Dagster’s recent 1.5 release includes “Asset Checks”, a new feature that offers the ability to define data quality checks that target Dagster assets. Asset Checks answer a theme of feature requests that we’ve been receiving for years, and they represent the culmination of a multi-month open design process, with dozens of comments from members of the Dagster community.
In this post, we’ll summarize why we believe data quality checks should be tightly integrated with orchestration, then survey Dagster Asset Checks and how they help data engineers deliver high-quality data.
Data quality checks and orchestration
In most data platforms, data quality checks don’t exist, or they’re managed in tools siloed from the orchestrator. We believe that this makes operating data pipelines and the data platform at large significantly more difficult than it needs to be. Data quality must be a first-class orchestration feature, for a few reasons:
- Data pipeline health all in one place - Orchestrators are already the source of truth on what succeeded, what failed, and where data comes from and goes to. If the orchestrator also understands when data fails its quality checks, it’s uniquely able to provide a full picture of the health of each data asset, and the pipeline as a whole.
- Data quality checks are work, and work needs to be orchestrated - Without an orchestrator, it’s difficult to know when checks are executed, to make sure work happens in the right order, and to pick up where you left off when there’s a failure. It’s easy to execute checks too often or not often enough.
- Orchestrate based on check results: stop bad data from spreading - When data doesn’t meet your quality bar, often you don’t want to let it spread to downstream assets in your pipeline. An orchestrator that understands data quality checks can skip downstream computations when upstream checks don’t pass.
- Declarative data quality checks as part of an asset’s contract - With the software-defined asset approach, the orchestrator is a source of truth on what data assets make up the pipeline. It’s natural to extend this so that the orchestrator understands what data quality checks are defined for each asset. It can then present a reliable, unified view of what the data in the pipeline intended to look like, which acts as a shared point of reference for data pipeline developers and stakeholders.
In short, when data orchestration is siloed from data quality, it’s difficult to get a grip on the health of your data pipeline, painful to track all the activity happening inside your data platform, and nearly impossible to coordinate data quality checks with data updates.
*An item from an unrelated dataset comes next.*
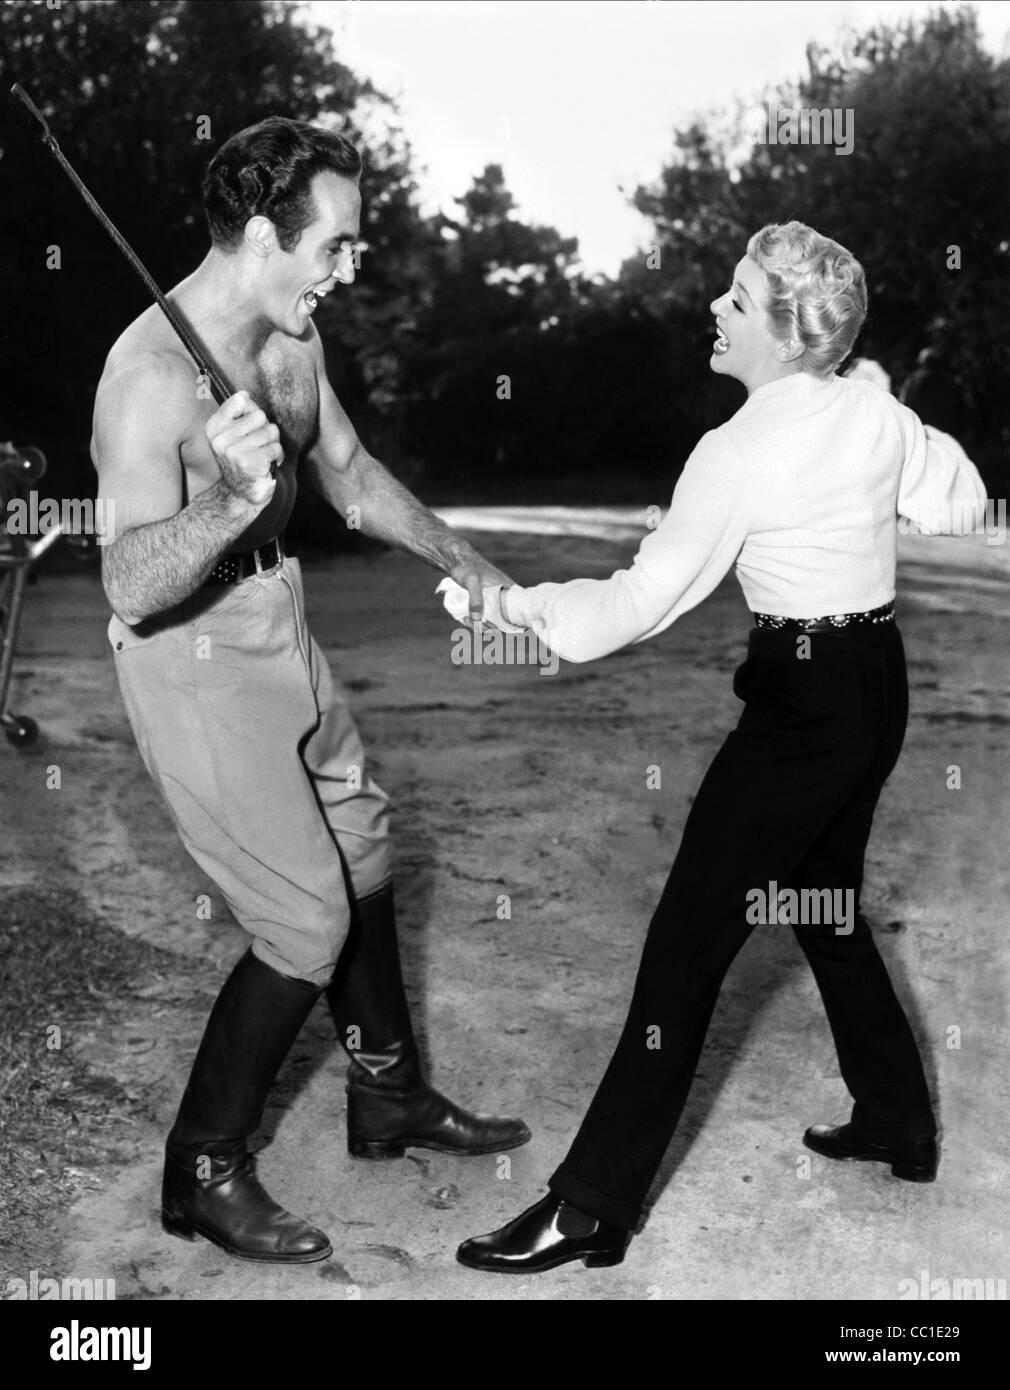 RICARDO MONTALBAN, Lana Turner, de l'amoureux, 1953 Photo Stock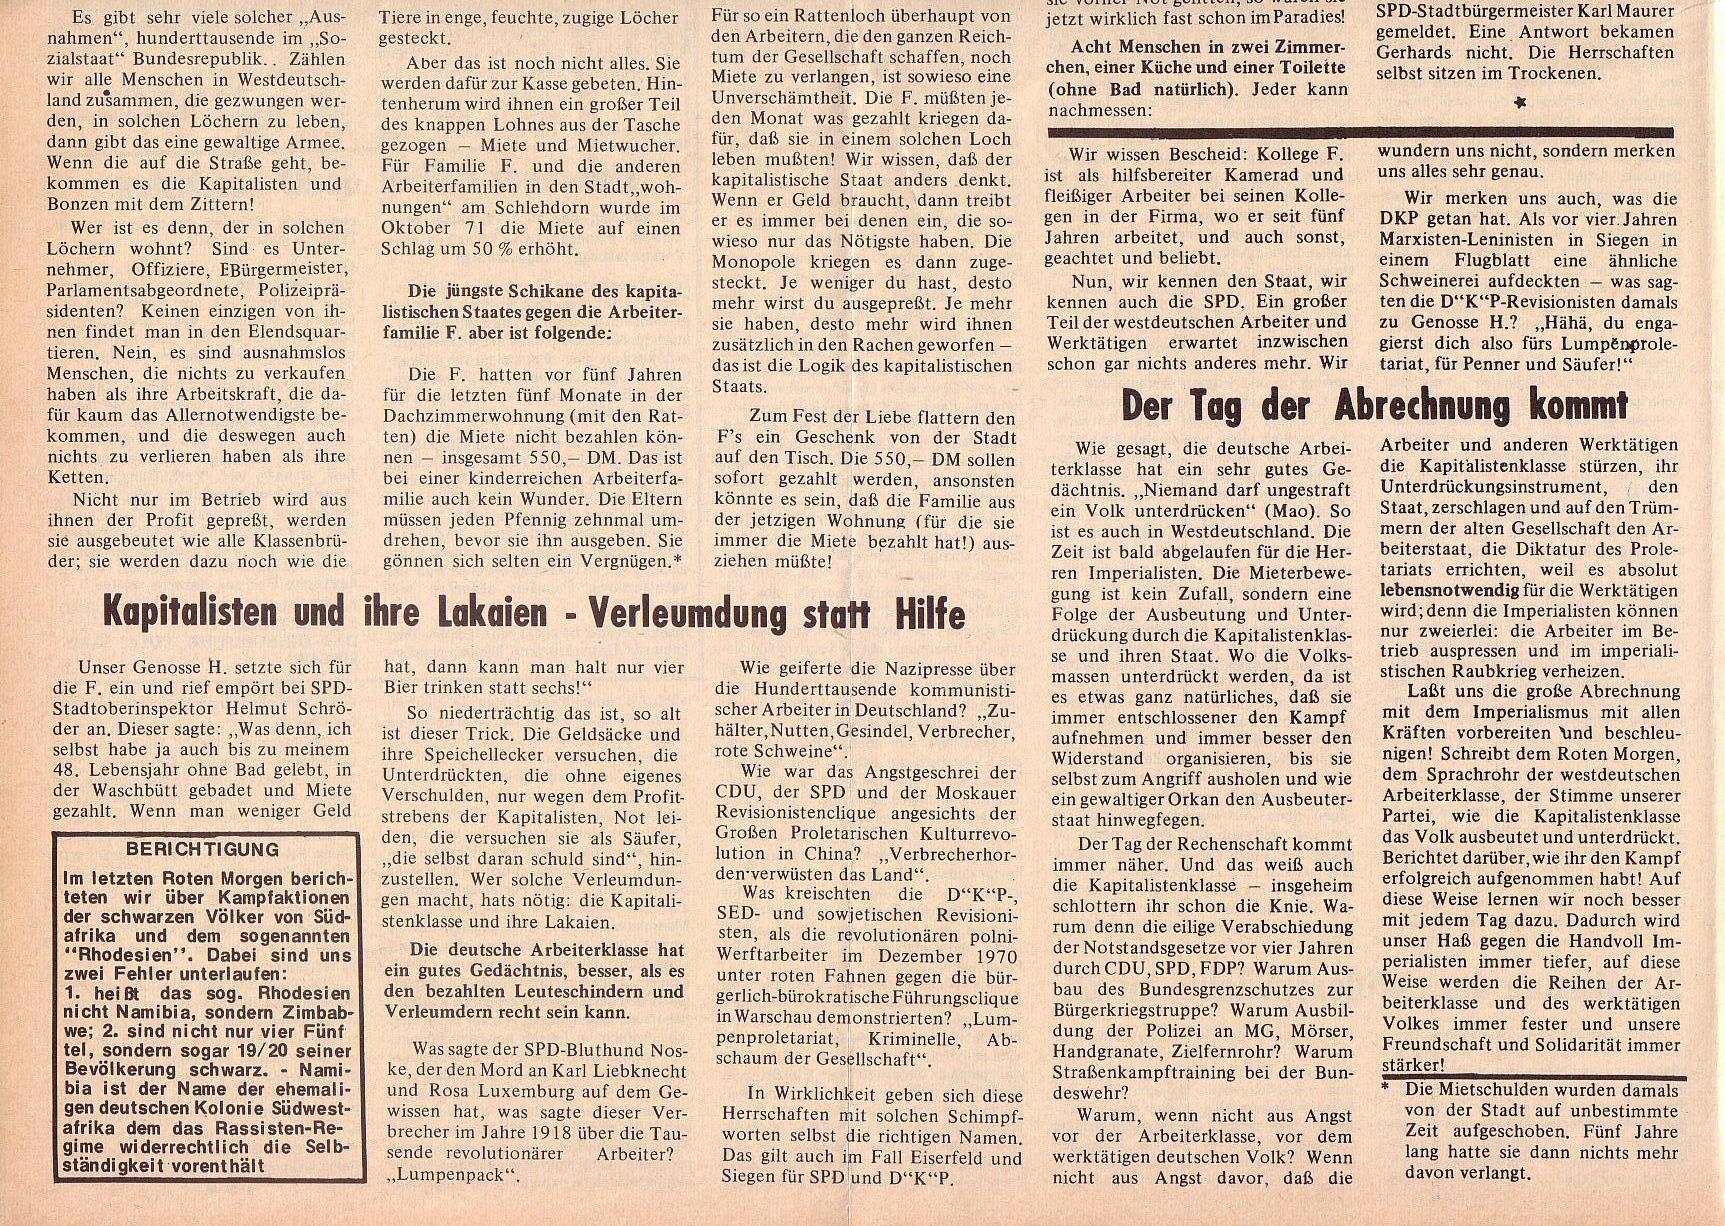 Roter Morgen, 6. Jg., 14. Februar 1972, Nr. 4, Seite 8b

Introducing Dagster Asset Checks
As a data orchestrator, Dagster’s fundamental abstraction is the Software-defined Asset: a description, in code, of an asset that should exist and how to produce and update it. Dagster enables building data pipelines by defining graphs of assets.
In Dagster 1.5, we introduced a new abstraction that goes hand-in-hand with software-defined assets: the Asset Check. Each Asset Check verifies some property of a Dagster data asset, for example, that it has no null values in a particular column. Here’s sample Python code that demonstrates how to define a Dagster asset and corresponding Asset Check:
from dagster import asset, asset_check, AssetCheckResult
@asset
def events():
...
@asset_check(asset=events)
def no_null_event_ids():
events_df = ...
return AssetCheckResult(passed=count_nulls(events_df, "event_id") == 0)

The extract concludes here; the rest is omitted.